Investment overtime has always been referred to as a risky venture, that’s because the intending investors most times neglect the guidelines that should guide them at taking each step towards their venture.
These concise guiding lines by Dr Steve, an advisory panelist for InvestmentU is an all time guide for every investor who intends handling his investment venture with wisdom.
1. An attempt at making a quick buck often leads to losing much of that buck.
- The people who suffer the worst losses are those who overreach.
- If the investment sounds too good to be true, it is.
- The best hot tip I’ve found is “there is no such thing as a hot tip.”
2. Don’t let a small loss become large.
- Don’t keep losing money just to “prove you are right.”
- Never throw good money after bad (don’t buy more of a loser).
- When all you’re left with is hope, get out.
3. Cut your losers; let your winners ride.
- Avoid limited-upside, unlimited-downside investments.
- Don’t fall in love with your investment; it won’t fall in love with you.
4. A rising tide raises all ships, and vice versa.
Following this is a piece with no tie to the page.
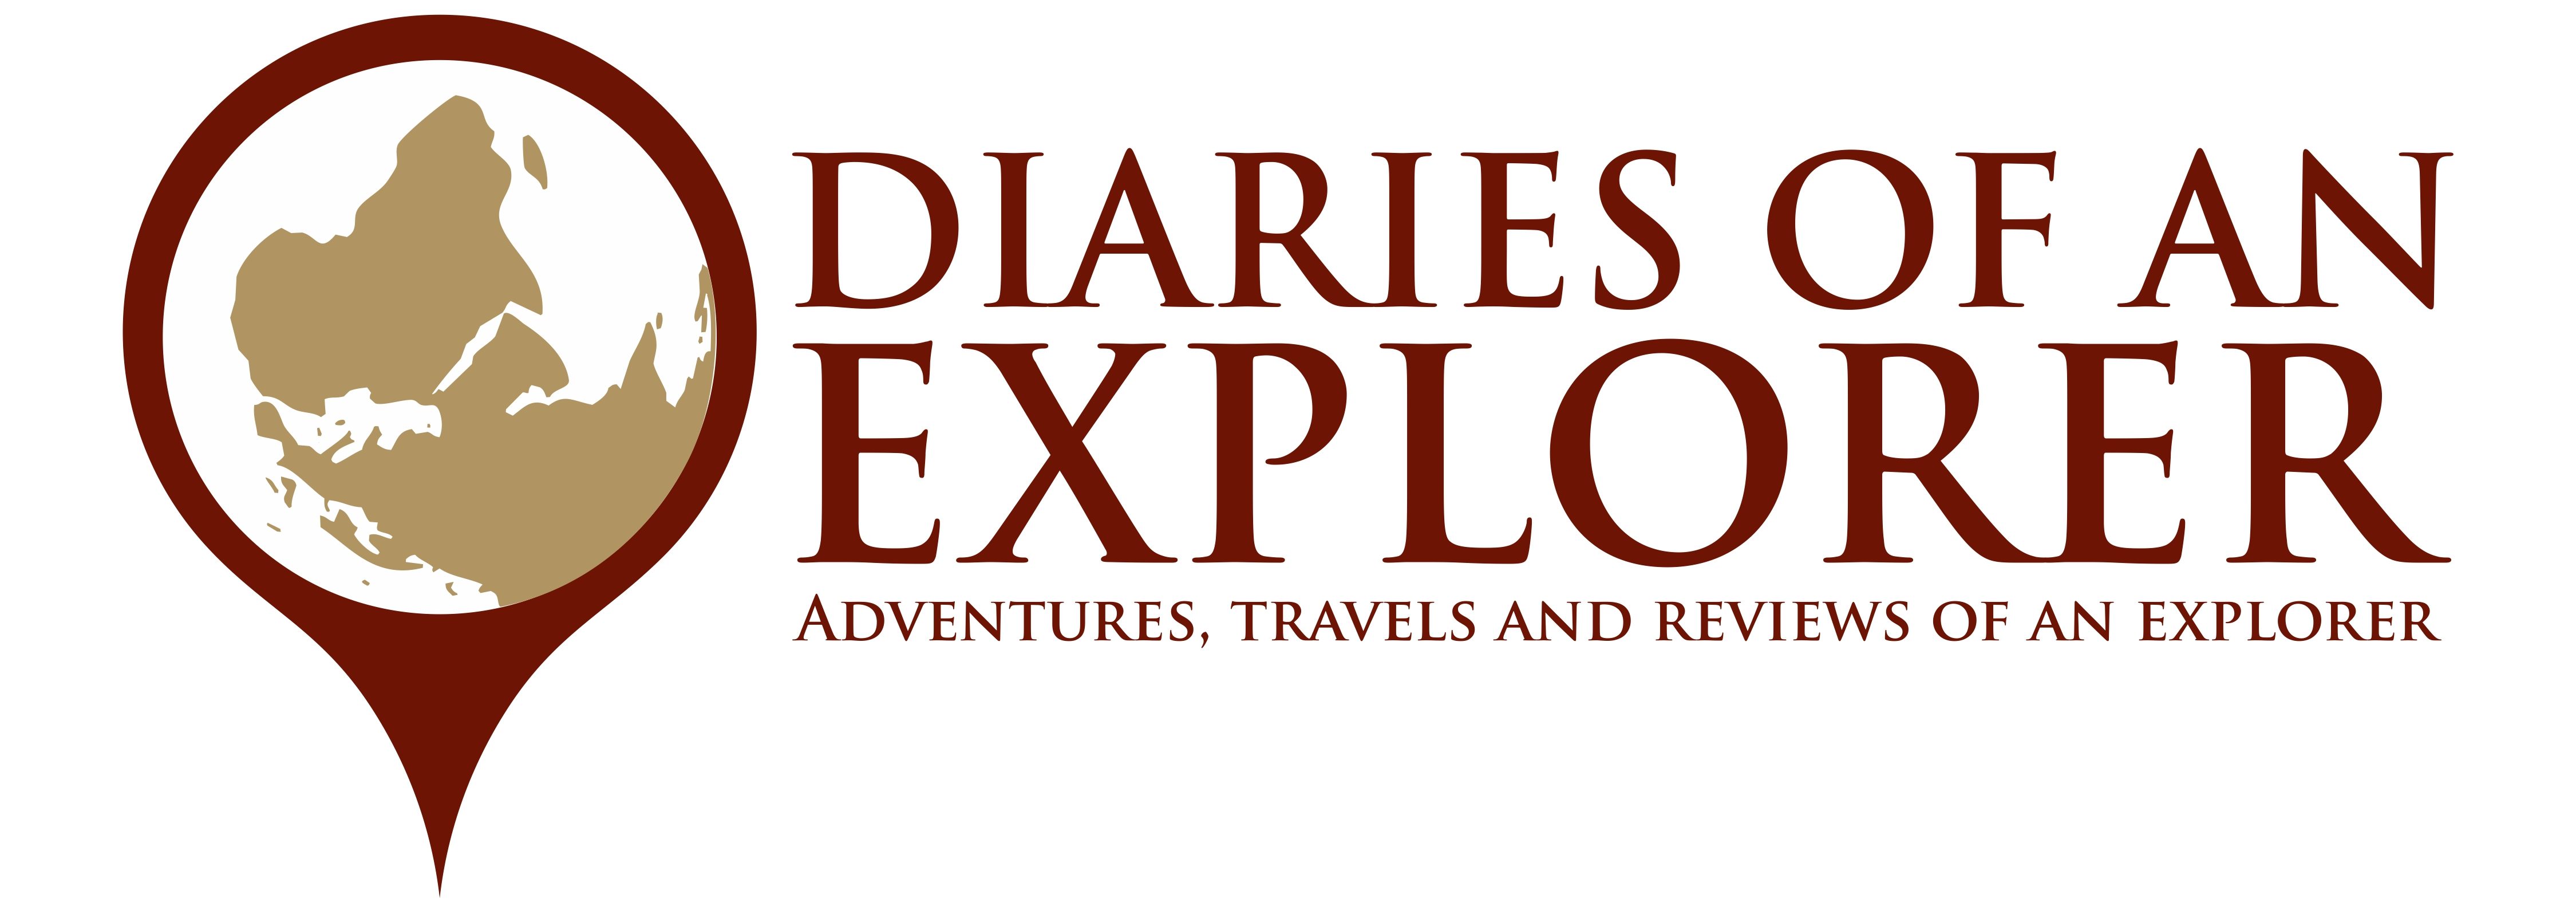 Diaries of an explorer

So assess the tide, not the ships.
- Fighting the prevailing “trend” is generally a recipe for disaster.
- Stocks will fall more than you think and rise higher than you can imagine.
- In the short run, values don’t matter.
5. When a stock hits a new high, it’s not time to sell something that is going right.
- When a stock hits a new low, it’s not time to buy something that is going wrong.
6. Buy and hold doesn’t ALWAYS work.
- If stocks don’t seem cheap, stand aside.
7. Bear markets begin in good times. Bull markets begin in bad times.
8. If you don’t understand the investment, don’t buy it.
- Don’t be wooed. Either make an effort to understand it or say “no thanks.”
- You can’t know everything, so don’t stray far from what you know.
9. Buy value, and sell hysteria.
- Paying less than the underlying asset’s value is a proven successful investing strategy.
- Buying overvalued stocks has proven to under perform the market.
- Neglected sectors often offer good values.
- The “popular” sectors are often overvalued.
10. Investing in what’s popular never ends up making you any money.
- Avoid popular stocks, fad industries and new ventures.
- Buy an investment when it has few friends.
11. When it’s time to act, don’t hesitate.
- Once you’re in, be patient and don’t be rattled by fluctuations.
- Stick with your plan… but when you make a mistake, don’t hesitate.
- Learn more from your bad moves than your good ones.
12. Expert investors care about risk; novice investors shop for returns.
- If you focus on the risks, the returns will eventually come for you.
- If you focus on the returns, the risks will eventually come for you.
Be conscious of each step you take towards investing your resources, as every little mistake will cost alot. Be guided and be among those investors who see investments as a returns yielding venture and not those who see it as a risky venture.